Более важного высказывания об опасности желания возвращения в моей жизни не случилось. Доверчиво мы (зрители) устремились в объятья первой части фильма, в извивы и холмы мерцающего на экране Сан-Франциско, следуя и следя за зрительской своей судьбой, как герой — за мерцающей предательницей героинь Ким Новак и ее неотразимых извивов.
Привлекательность этой задачи отчасти была связана с тем, что город Сан-Франциско был тут, совсем рядом, в получасе езды на безобразно вонючем загаженном метро. Мы, жители этих мест, видели в Хичкоковском (но и Нарсежаковском, Роденбаховском) мертвом, пустом городе проекцию, отражение себя — Хичкок, лукавый экскурсовод, показывал нам столь хорошо знакомые места доведенными до совершенства странности, пустоты, потусторонности, достигая идеального остранения.
Первая часть с ее преувеличенной, якобы простодушной, почти пародийной прелестью и выпуклой мелодрамой вызвала в зале сытое хихиканье превосходства: мы смеялись над сентиментальным, наивным нарциссом Скотти, героем Хичкока, но немного и над самим Хичкоком: ведь мы видели, знали его нехитрый фокус заранее и насквозь: так нам, заполнившим зрительный зал, казалось.
Тем жутче оказалось столкновение со второй частью фильма, где все оказывалось не тем, что мы подумали, что разрешили себе подумать. Всем здесь руководил ужас, искус желания повторения, возвращения в прошлое. Герой хочет повторить свой опыт, хочет вернуться, воспроизвести его до малейших подробностей, превратить реальность в ностальгическую грезу, но реальность не вмещается в подобное желание и, восстав, сводит героя с ума. Скотти желает овладеть прошлым. Меланхолия пожирает Скотти: он снова и снова нависает над городом, зажмурившись, не в состоянии его разглядеть, не в состоянии в него войти.
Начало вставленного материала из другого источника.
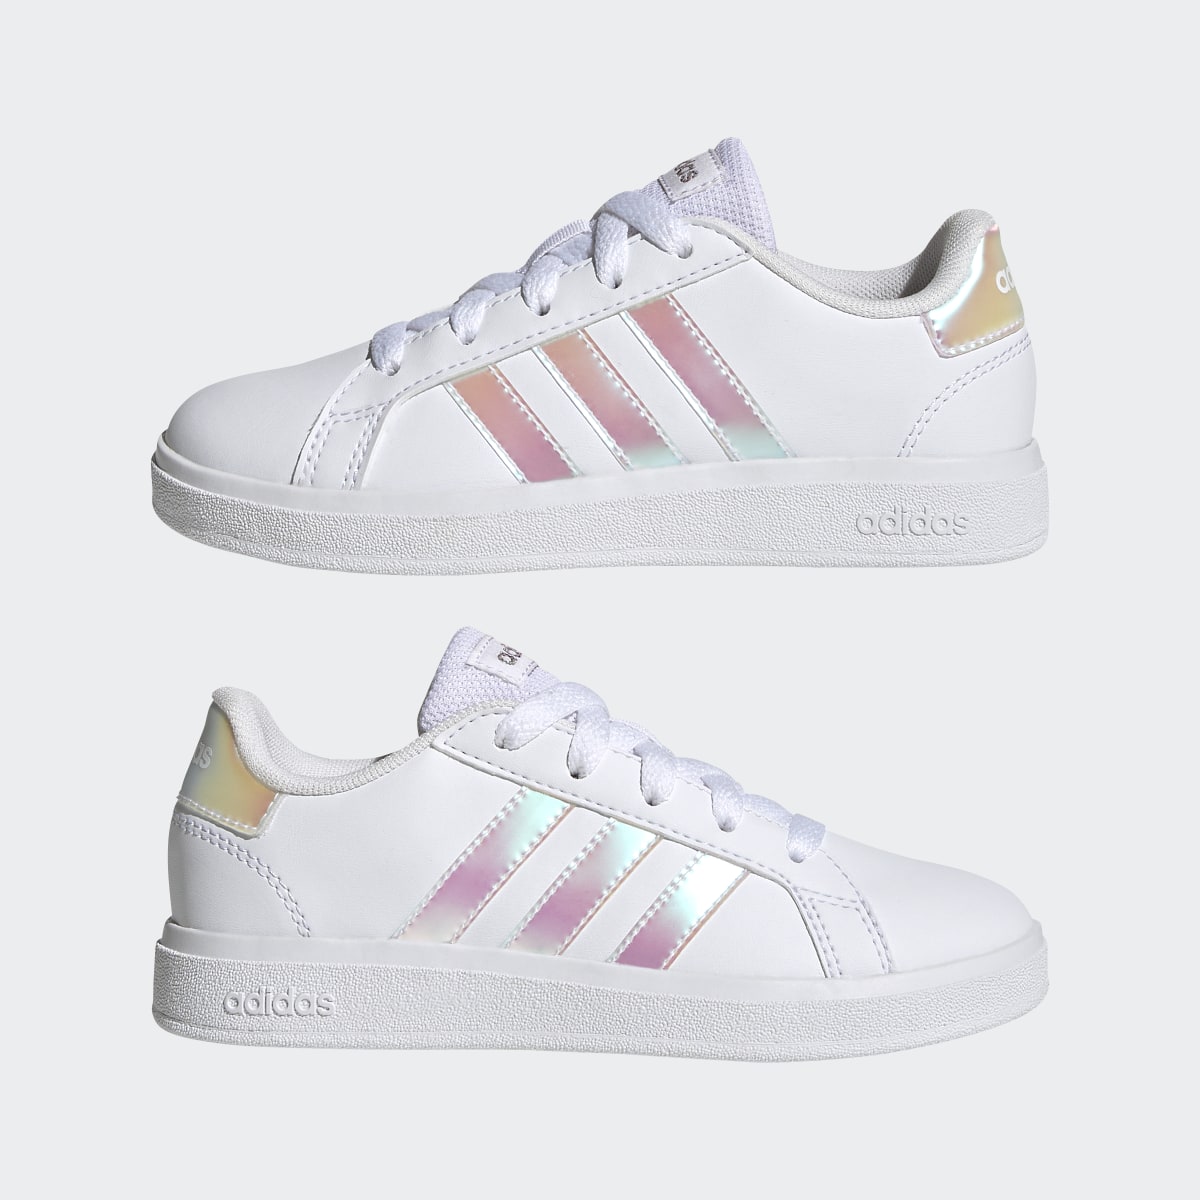 Adidas Grand Court Lifestyle Lace Tennis Shoes. 8

Скотти обречен потому, что он не желает различать, сказала я себе. Героя моего любимого фильма могло бы спасти осознание невозможности повторения, принятие, движение, но главное — внимание. Если все же считать это неотразимое произведение киноискусства хоть отчасти детективом, ну да, детективом ужаса, то именно внимание, замечание и способность интерпретировать улики преступления (и жизни) являются здесь методом разворачивания повествования. Скотти, ослепленный страстью следования за городом и женщиной, не замечает, зритель поначалу не замечает, но Хичкок, безжалостный нуариста, сделал этот фильм так, чтобы хотелось пересматривать его, всматриваться в него мучиться им бесконечно бесконечно.
Киножанр нуар, вылезший из плаценты многовековой готики, весь заострен на отношения с прошлым: в нем скрыта опасность, в нем скрыт секрет.
Если бы Скотти воздержался от заглядывания в прошлое, если бы он принял, что вернуться никуда нельзя, он не погиб бы так жалко. Прошлое убьет тебя, заласкает, защекочет до смерти, если ты не закончишь его сам, если ты не захочешь стать им, как бы сообщает нам гениальный Хичкок.
Вот я прихожу к бывшему зданию киноархива (теперь они воздвигли новое, железнее и мощнее): еще видны побледневшие следы букв над входом, двери заколочены, вокруг запустение, на ступеньках сидит гордая нищая с собакой, курит, читает Вирджинию Вулф. Тот прошлый киноархив, тот мой прошлый опыт закончился, его следует заархивировать и начать вглядываться в настоящее: каким бы невидным безвидным унылым трудным ни казалось оно теперь, в пору новой чумы и войны.
Все, кроме бездомных, носят здесь маски, обходят тебя стороной, твои знакомцы напряжены, истощены скукой опасности, каждая беседа слегка напоминает маленькую, но удаленькую трагедию А. С. Пушкина, где ты сам себе и Вальсингам, и Луиза. Розы развалились своей августовской, августейшей пышностью, а чем полно их дыханье, это мы еще посмотрим.
Поскольку я не могу вернуться, но также запрещаю себе теперь вернуться в Петербург, я возвращаюсь сюда — на место своего превращения.
Перед началом превращения гусеницы начинают очень быстро ползать в тревоге, пока не найдут к чему прикрепиться.